What the task requires: Shown below are entries with pictures; the line with "Chrome Nail Powder 2 colors,0.5g/jar" through the line with "Blushing Pink Comforter" is the span to retype exactly, and the pictures stay out.

Information:
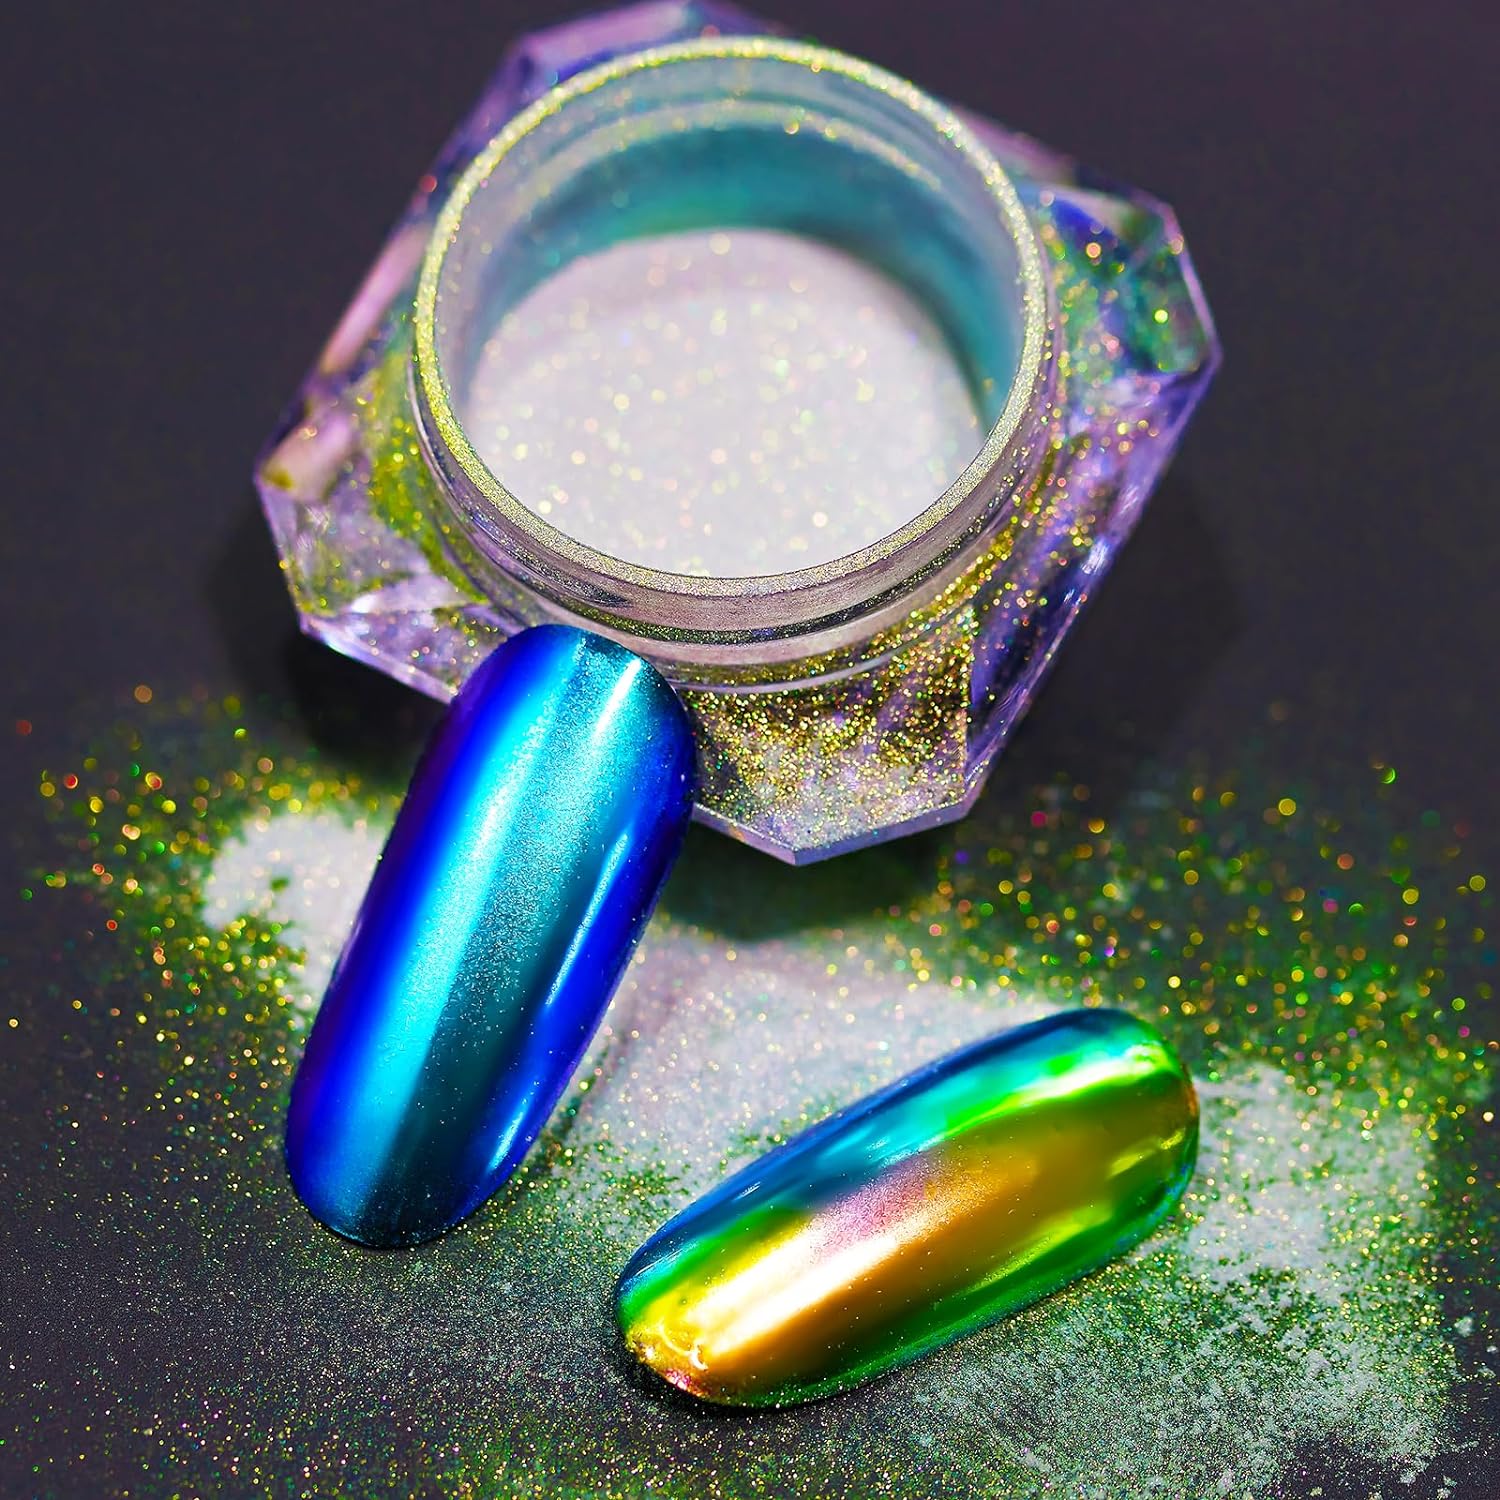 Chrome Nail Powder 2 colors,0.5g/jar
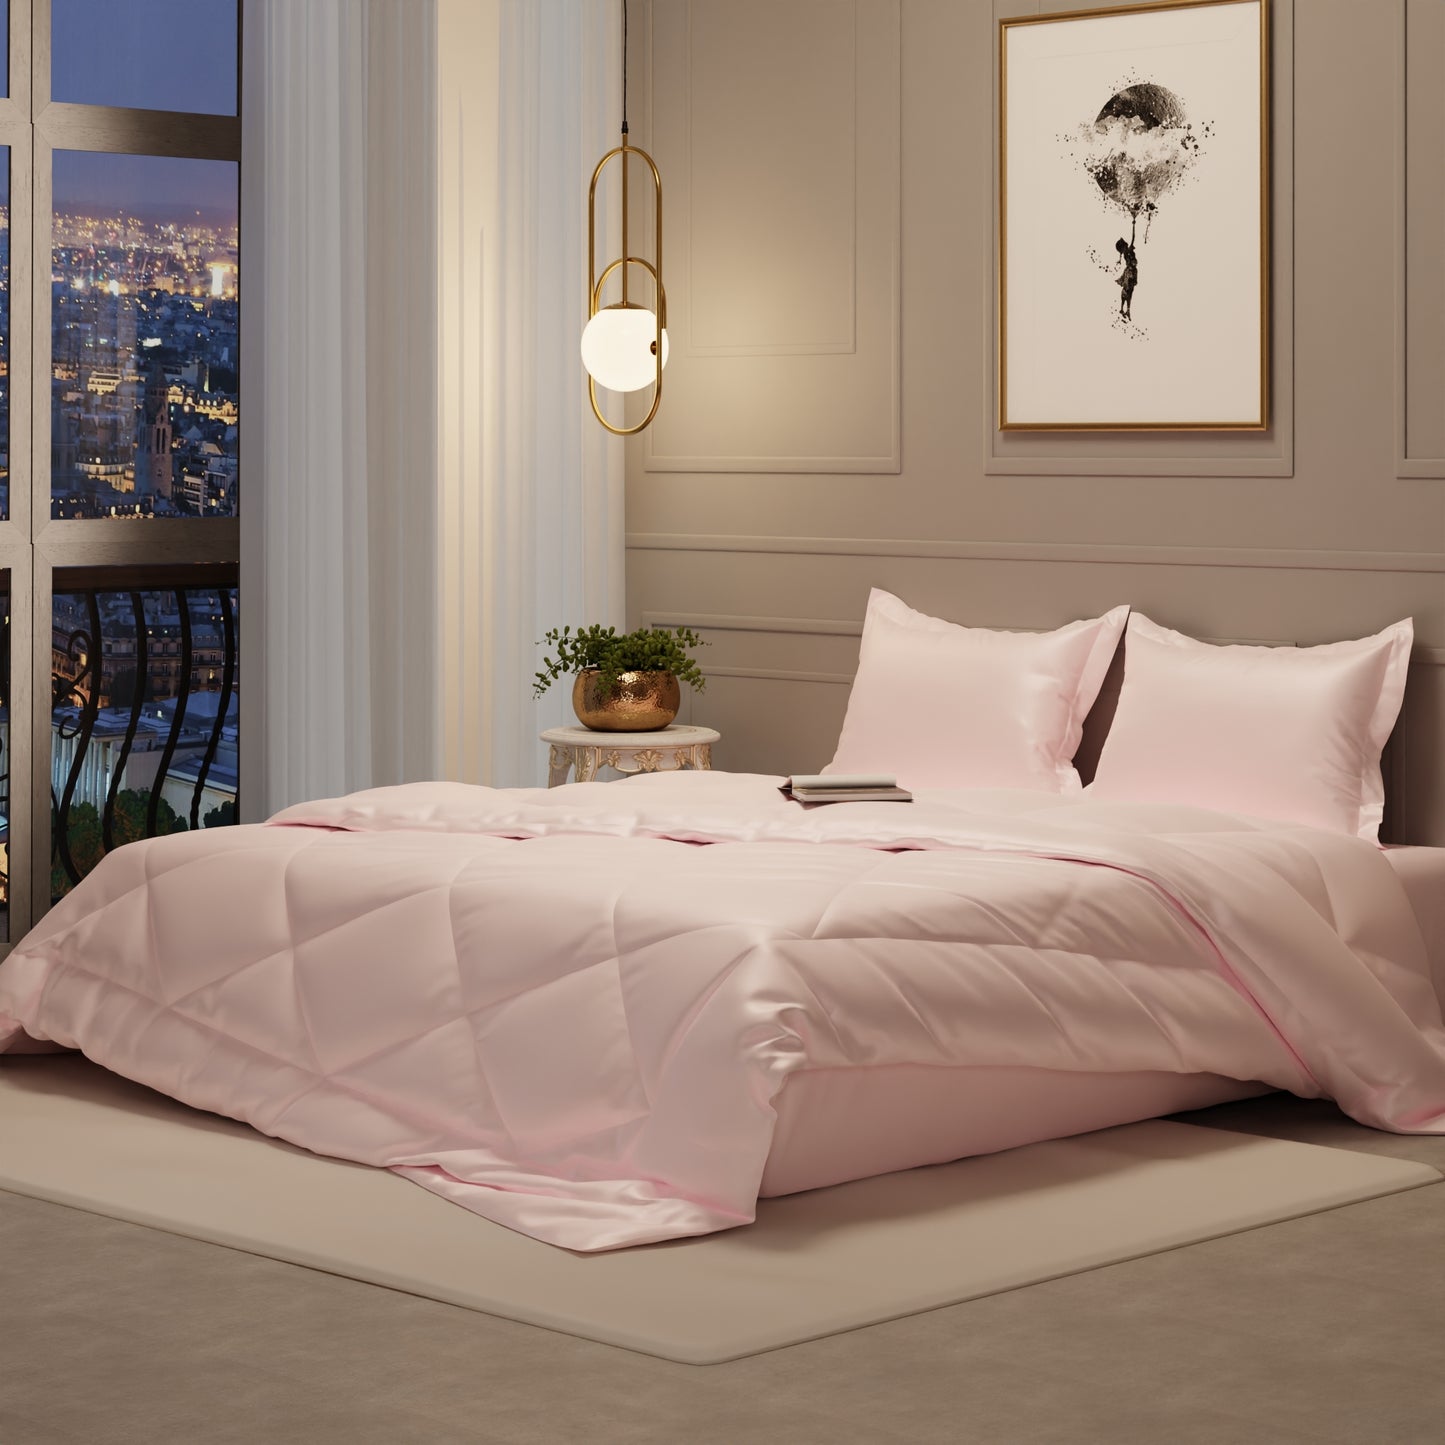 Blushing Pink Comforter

...

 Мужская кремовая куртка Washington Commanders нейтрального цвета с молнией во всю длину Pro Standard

Task response:
 Chrome Nail Powder 2 colors,0.5g/jar
 Blushing Pink Comforter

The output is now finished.